Solution: First of all $\small{2005^{2007^{2009}} \equiv 3^{2007^{2009}}(\bmod 7)}$. Since $\small{3^3 \equiv-1(\bmod}$ 7) yields $\small{3^6 \equiv\left(3^3\right)^2 \equiv 1(\bmod 7)}$,

$$\small{2007^{2009} \equiv 3^{2009} \equiv 3 \quad(\bmod 6)}$$

it follows that $\small{2007^{2009}=6 k+3}$ for some positive integer $\small{k}$. Therefore

$$\small{2005^{2007^{2009}} \equiv 3^{6 k+3} \equiv 3^3 \equiv 6 \quad(\bmod 7)}$$

Thus, the remainder is 6.

Example 7. (SSSMO/1997) Find the smallest positive integer $\small{n}$ such that $\small{1000 \leq}$ $\small{n \leq 1100}$ and $\small{1111^n+1222^n+1333^n+1444^n}$ is divisible by 10.

Solution: Let $\small{N=1111^n+1222^n+1333^n+1444^n}$. Then

$$\small{N \equiv 1^n+2^n+3^n+4^n \quad(\bmod 10)}$$

For estimating the minimum value of $\small{n}$, we test $\small{n=1000}$. Then

$$\small{N \equiv 1+\left(2^4\right)^{250}+\left(3^4\right)^{250}+\left(4^2\right)^{500} \equiv 1+6+1+6 \equiv 4 \quad(\bmod 10)}$$

Hence for $\small{n=1001}$,

$$\small{N \equiv 1+6 \cdot 2+1 \cdot 3+6 \cdot 4 \equiv 1+2+3+4 \equiv 0 \quad(\bmod 10)}$$

Thus $\small{n_{\min }=1001}$.

Example 8. Prove that for any odd natural number $\small{n}$, the number $\small{1^{2007}+2^{2007}+}$ $\small{\cdots+n^{2007}}$ is not divisible by $\small{n+2}$.

Solution By taking modulo $\small{n+2}$, and partition the terms as groups of two each,

$$\begin{aligned}
& \small{1^{2007}+2^{2007}+\cdots+n^{2007} }\\
& \small{=1+\left\lfloor 2^{2007}+n^{2007}\right\rfloor+\cdots+\left\lfloor\left(\frac{n+1}{2}\right)^{2007}+\left(\frac{n+3}{2}\right)^{2007}\right\rfloor }\\
& \small{\equiv 1+\left\lfloor 2^{2007}+(-2)^{2007}\right\rfloor+\cdots+\left\lfloor\left(\frac{n+1}{2}\right)^{2007}+\left(-\frac{n+1}{2}\right)^{2007}\right\rfloor }\\
& \small{\equiv 1(\bmod n+2)}
\end{aligned}$$

Thus, the conclusion is proven.

Example 9. (SSSMO(J)/2001) Write down the last four digits of the number $\small{7^{128}}$.

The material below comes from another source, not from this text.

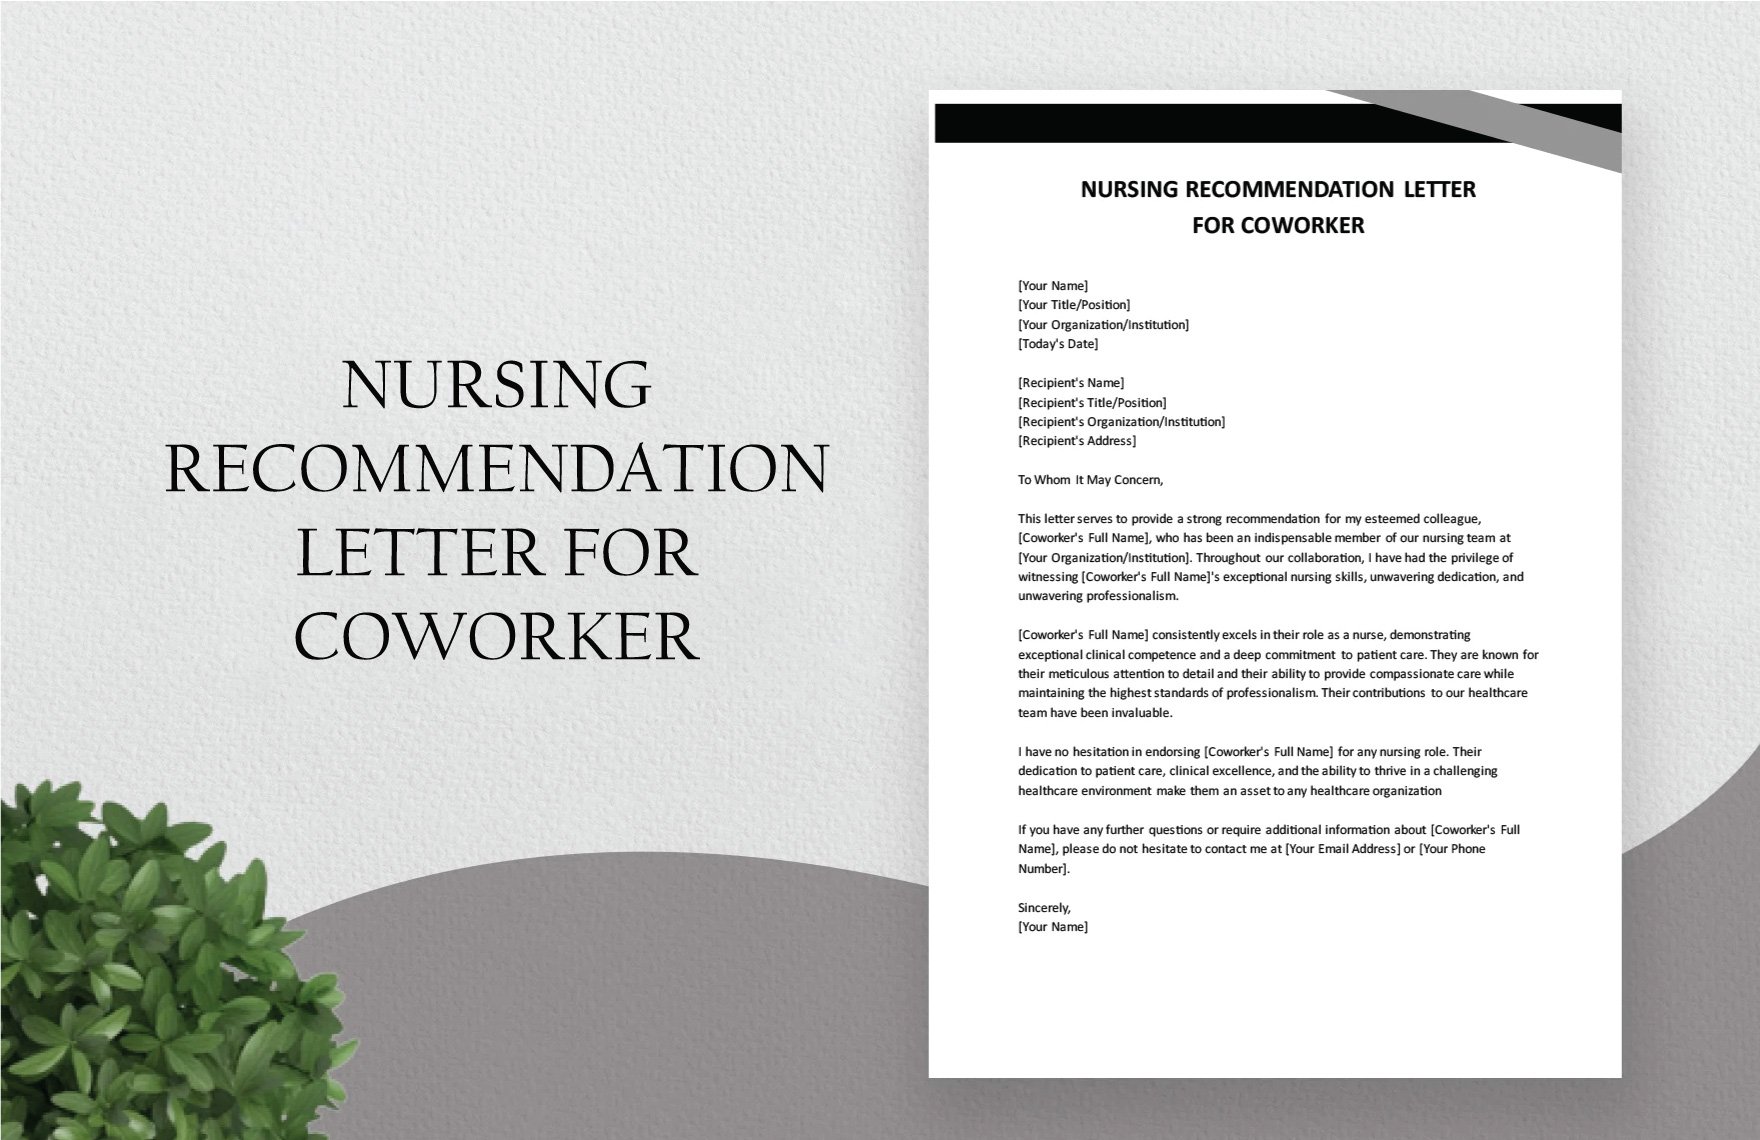 Nursing Recommendation Letter For Coworker

Solution: Here the recursive method is effective. Start from $\small{7^4=2401}$, then

$$\begin{aligned}
& \small{7^4=2401 \equiv 2401 \quad\left(\bmod 10^4\right) }\\
& \small{7^8=\left(7^4\right)^2=(2400+1)^2=(2400)^2+4800+1 \equiv 4801 \quad\left(\bmod 10^4\right) }\\
& \small{7^{16} \equiv(4800+1)^2 \equiv 9601 \quad\left(\bmod 10^4\right) }\\
& \small{7^{32} \equiv(9600+1)^2 \equiv 9201 \quad\left(\bmod 10^4\right) }\\
& \small{7^{64} \equiv(9200+1)^2 \equiv 8401 \quad\left(\bmod 10^4\right) }\\
& \small{7^{128} \equiv(8400+1)^2 \equiv 6801 \quad\left(\bmod 10^4\right)}
\end{aligned}$$

Therefore the last four digits of $\small{7^{128}}$ is 6801.

Testing Questions (A)

(CHINA/2001) Find the number of positive integer $\small{n}$, such that the remainder is 7 when 2007 is divided by $\small{n}$.
(SSSMO/1999) What is the remainder of $\small{123456789^4}$ when it is divided by 8?
Prove that $\small{7 \mid\left(2222^{5555}+5555^{2222}\right)}$.
Find the remainder of $\small{47^{37^{27}}}$ when it is divided by 11.
(CHINA/1990) What is the remainder when $\small{9^{1990}}$ is divided by 11?
(CHINA/2004) $\small{n=3 \times 7 \times 11 \times 15 \times 19 \times \cdots \times 2003}$. Find the last three digits of $\small{n}$.
(CHINA/2002) When a positive integer $\small{n}$ is divided by $\small{5,7,9,11}$, the remainders are $\small{1,2,3,4}$ respectively. Find the minimum value of $\small{n}$.
(IMO/1964) (a) Find all positive integers $\small{n}$ for which $\small{2^n-1}$ is divisible by 7.

(b) Prove that there is no positive integer $\small{n}$ for which $\small{2^n+1}$ is divisible by 7.
(SSSMO/00/Q11) What is the units digit of $\small{3^{1999} \times 7^{2000} \times 17^{2001}}$?
(A) 1 $\quad$$\quad$(B) 3 $\quad$$\quad$(C) 5 $\quad$$\quad$(D) 7 $\quad$$\quad$(E) 9
Find the last two digits of $\small{2^{999}}$.

Testing Questions (B)

Find the last two digits of $\small{14^{14^{14}}}$.
Find the remainder of $\small{\left(257^{33}+46\right)^{26}}$ when it is divided by 50.
(SSSMO(J)/2003) What is the smallest positive integer $\small{n>1}$ such that $\small{3^n}$ ends with 003?
(CHNMOL/1997) There is such a theorem: “If three prime numbers $\small{a, b, c>}$ 3 satisfy the relation $\small{2 a+5 b=c}$, then $\small{a+b+c}$ is divisible by the integer $\small{n}$.” What is the maximum value of the possible values of $\small{n}$ ? Prove your conclusion.
(MOSCOW/1982) Find all the positive integers $\small{n}$, such that $\small{n \cdot 2^n+1}$ is divisible by 3.